Ah, I see I'm not the only one of the boards whose read the books. I tend to buy books in series so that when I do get around to it, I have the whole thing at once. With some books, like Wheel of Time or Clash of Kings, that's not possible.

Has anyone read the second series? I'm really enjoying the first series. The only thing bugging me so far is Molly. I don't want to sound stupid, and perhaps I'm wrong, but if she isn't pregnant by the Fitz and devoting herself to that child, I'd be very surprised. I'd also be surprised if the Fool doesn't have a little Elder blood (or some other type of blood!) in him.

Overall very good though. I tend to enjoy 1st person stories as it's easier to get into the character's head. Amber did a real god job with this style too.


----------



## Pants (Jul 12, 2004)

JoeGKushner said:
			
		

> Has anyone read the second series? I'm really enjoying the first series. The only thing bugging me so far is Molly. I don't want to sound stupid, and perhaps I'm wrong, but if she isn't pregnant by the Fitz and devoting herself to that child, I'd be very surprised. I'd also be surprised if the Fool doesn't have a little Elder blood (or some other type of blood!) in him.



First question, what book are you on?   

As for the Tawny Man Series, I haven't read it yet.  I've heard that the LiveShip Traders should be read before that, but I'm loathe to make the plunge.  The sample chapter from the first Liveship book irritated the hell out of me.


----------



## drothgery (Jul 13, 2004)

Pants said:
			
		

> First question, what book are you on?
> 
> As for the Tawny Man Series, I haven't read it yet. I've heard that the LiveShip Traders should be read before that, but I'm loathe to make the plunge. The sample chapter from the first Liveship book irritated the hell out of me.

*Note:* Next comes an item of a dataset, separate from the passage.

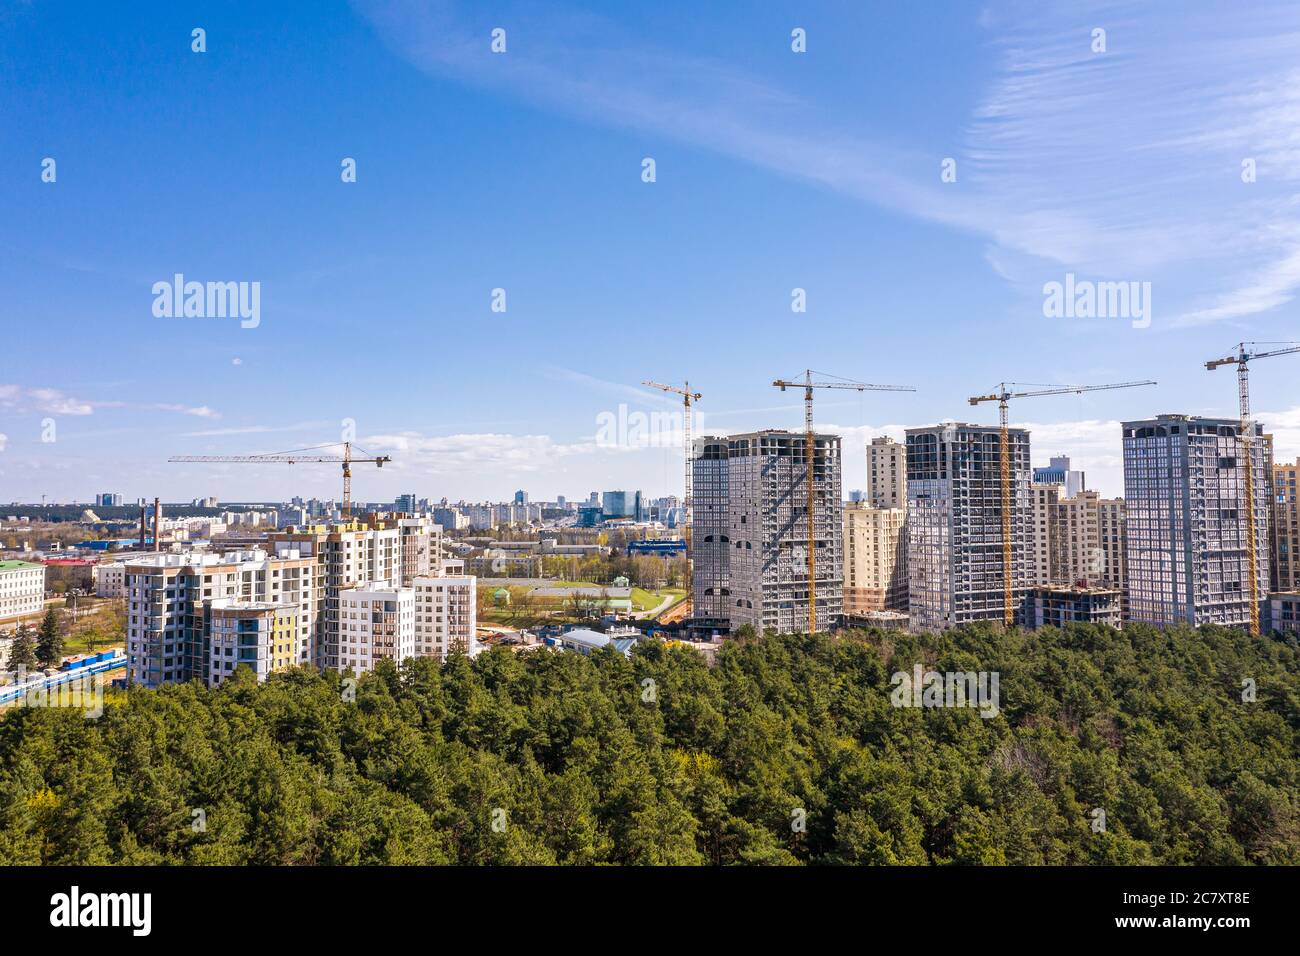 Hochhaus-Wohngebäude Baustelle mit Arbeitskränen gegen blauen Himmel. Luftaufnahme von fliegender Drohne Stockfoto

I haven't read _Fool's Fate_ yet, as it's not in paperback until December (if I'm really attached to a series, I'll buy hardcovers, but Hobb's not quite like that for me), but I'm pretty sure you could get by without reading the Liveship Traders books if you really wanted to; I think Hobb gives you enough info to puzzle out the rest. But I'd give the first one a shot before I made that decision.


----------



## ironmani (Jul 13, 2004)

I just finished reading _Witchhunter_ by C. L. Werner. It wasnt too bad. A good "Action Movie" read. I'm still plowing thru _Vampireslayer_, but I just cant seem to get into it. *shrug* It seem thou that every book I pick up is linked in a trilogy! So no getting off with just spending 7 bucks for a one off book!


----------



## JoeGKushner (Jul 13, 2004)

Pants said:
			
		

> First question, what book are you on?
> 
> As for the Tawny Man Series, I haven't read it yet.  I've heard that the LiveShip Traders should be read before that, but I'm loathe to make the plunge.  The sample chapter from the first Liveship book irritated the hell out of me.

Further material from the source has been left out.